**What you will do:** Print the whole listing below exactly as given, pictures excluded.

**Information supplied:**
═══
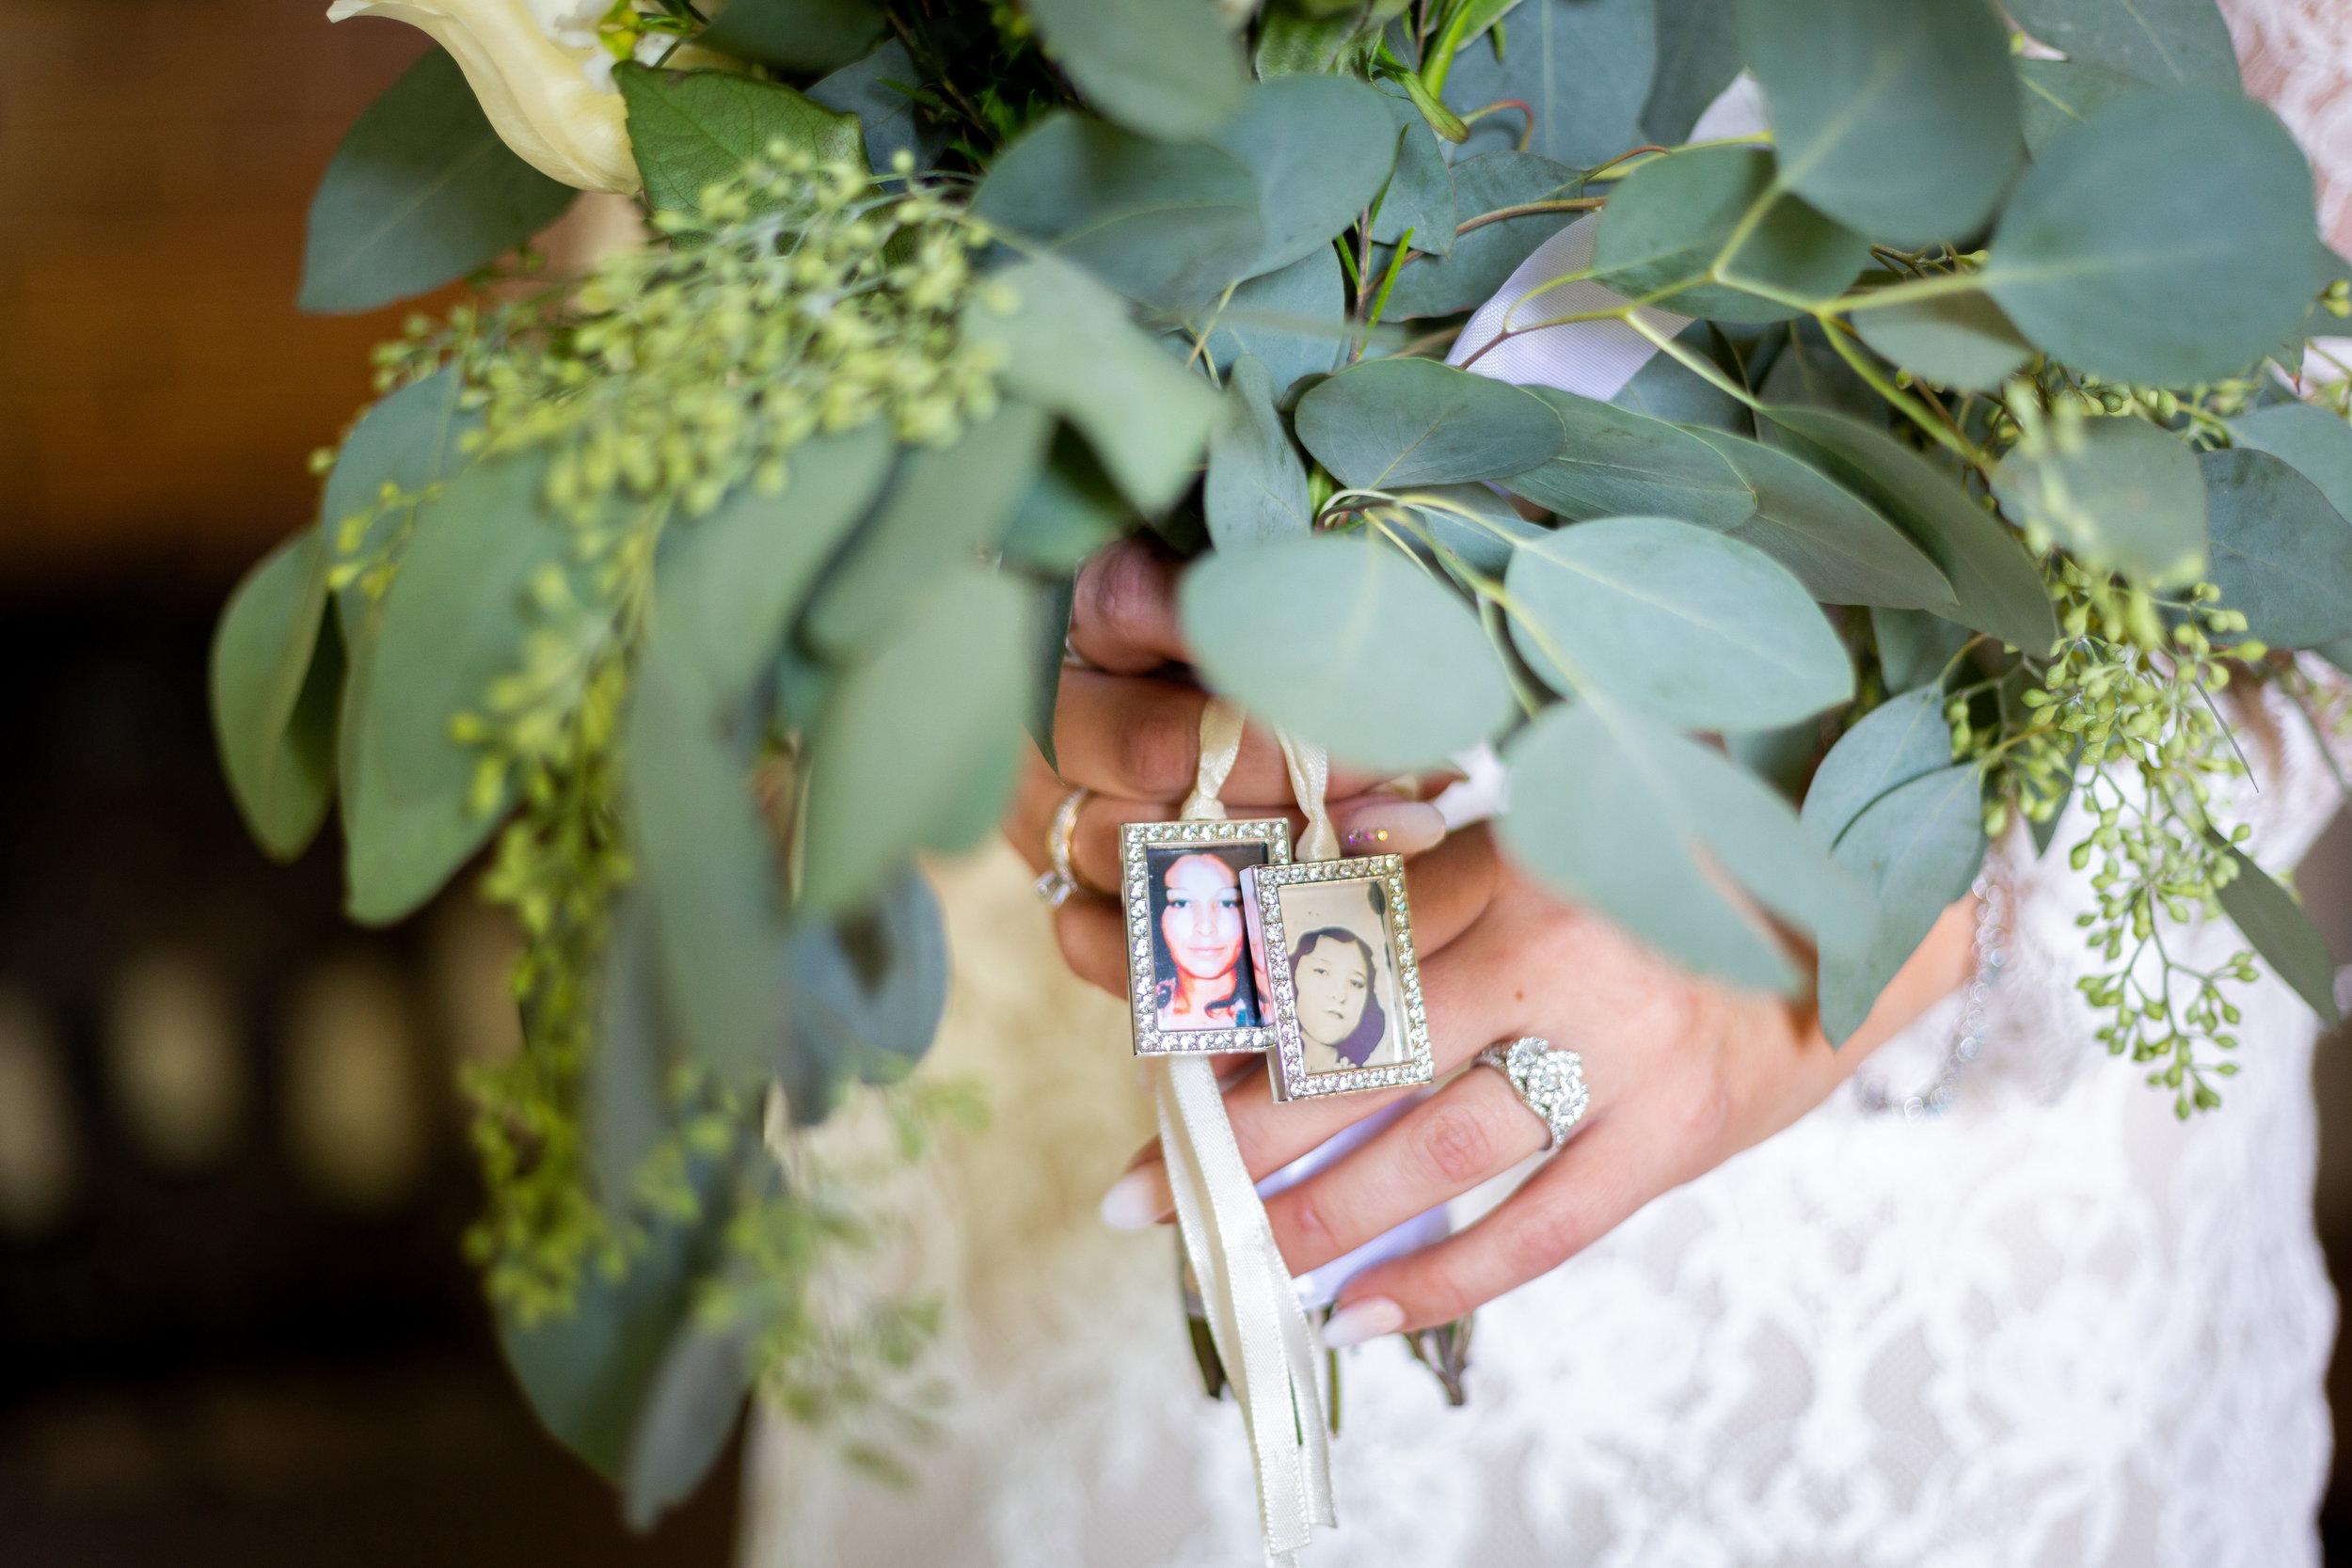 Chase-Annalise-Bontanic Gardens-Chatfield-Denver-Wedding-31.JPG
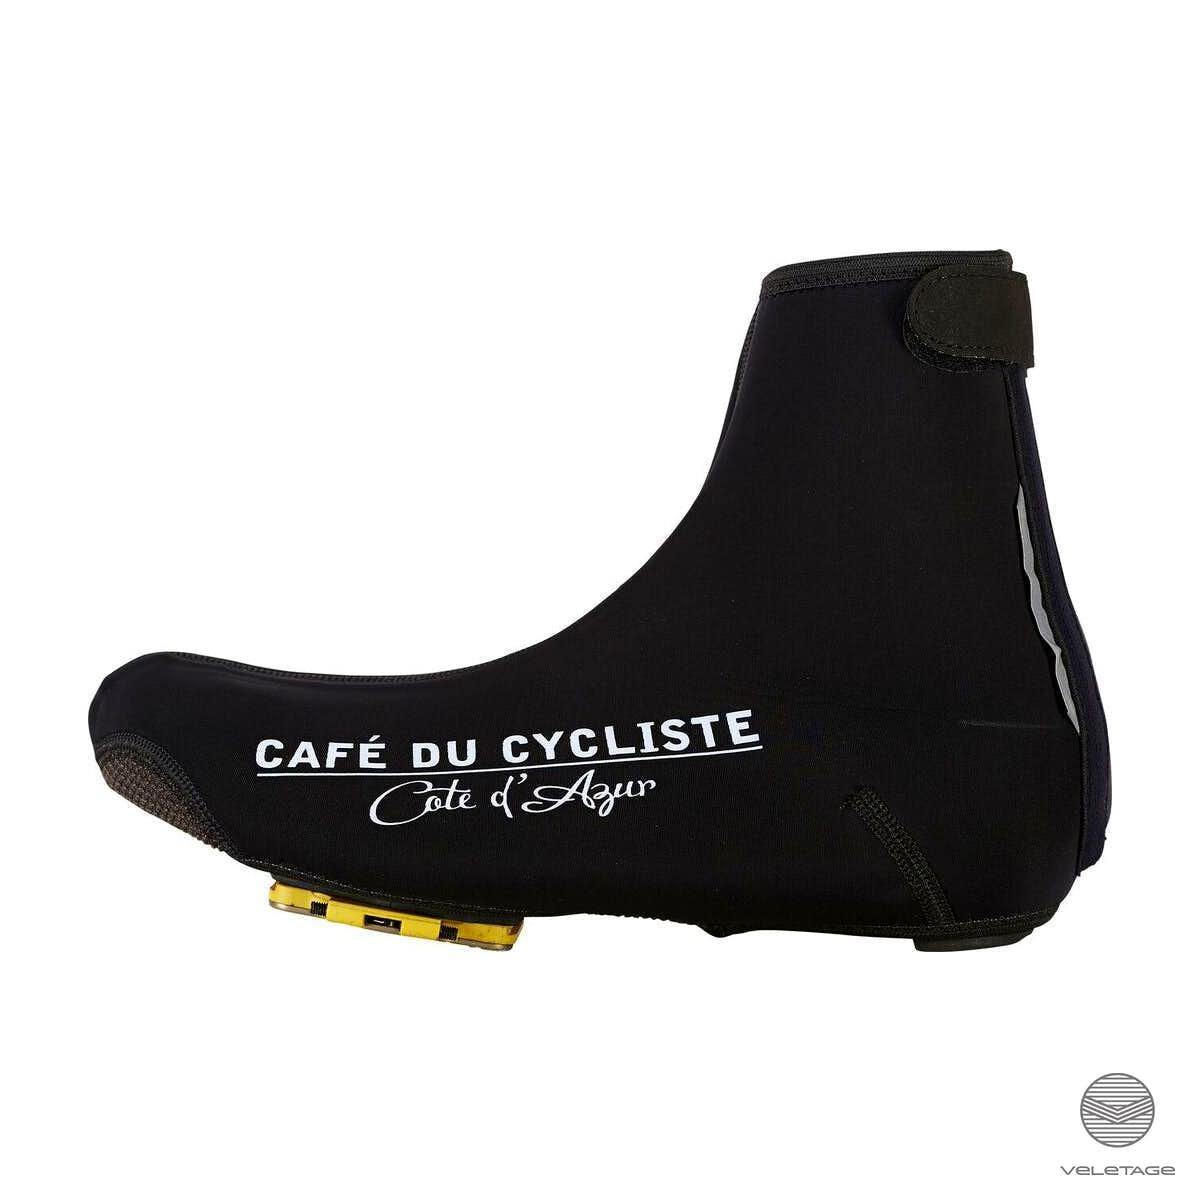 06c1a43b3 Cafe du Cycliste ▷ WINTER Shoe Cover - Schwarz - veletage Wien
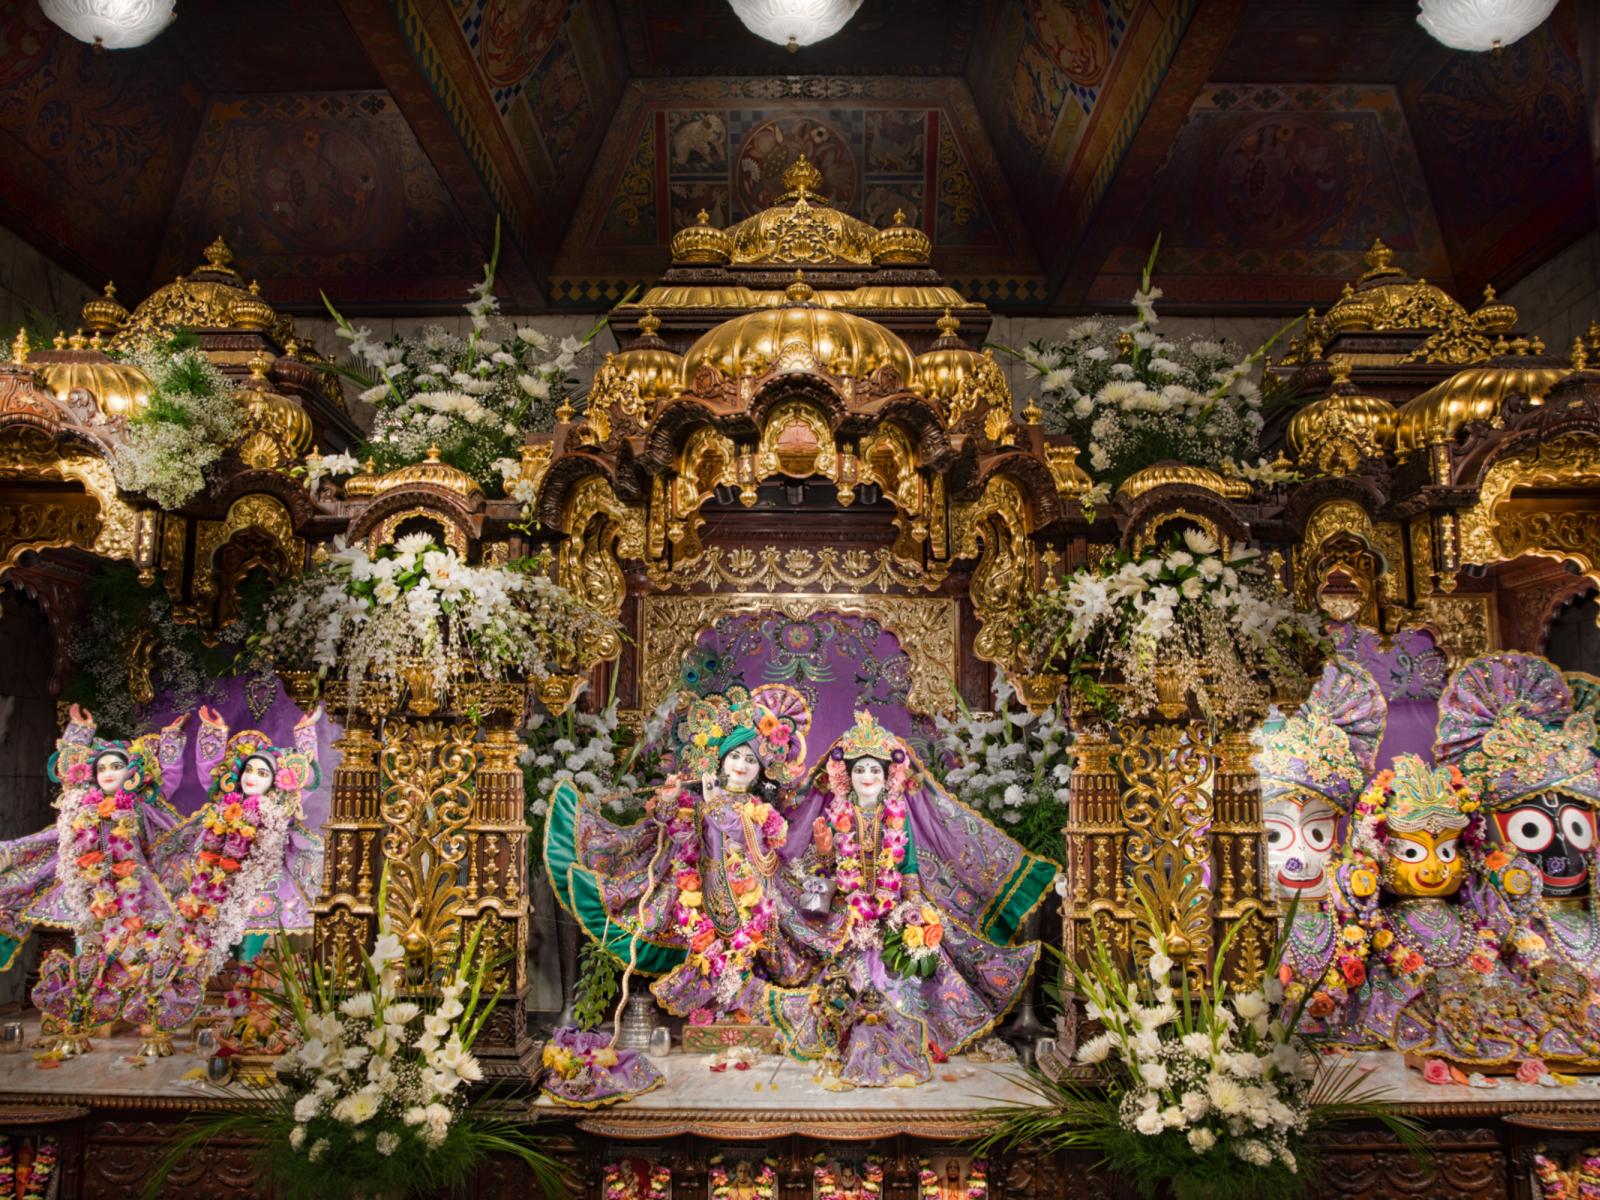 Hare Krishna Temple Los Angeles
═══
**Written response:**
 Chase-Annalise-Bontanic Gardens-Chatfield-Denver-Wedding-31.JPG
 06c1a43b3 Cafe du Cycliste ▷ WINTER Shoe Cover - Schwarz - veletage Wien
 Hare Krishna Temple Los Angeles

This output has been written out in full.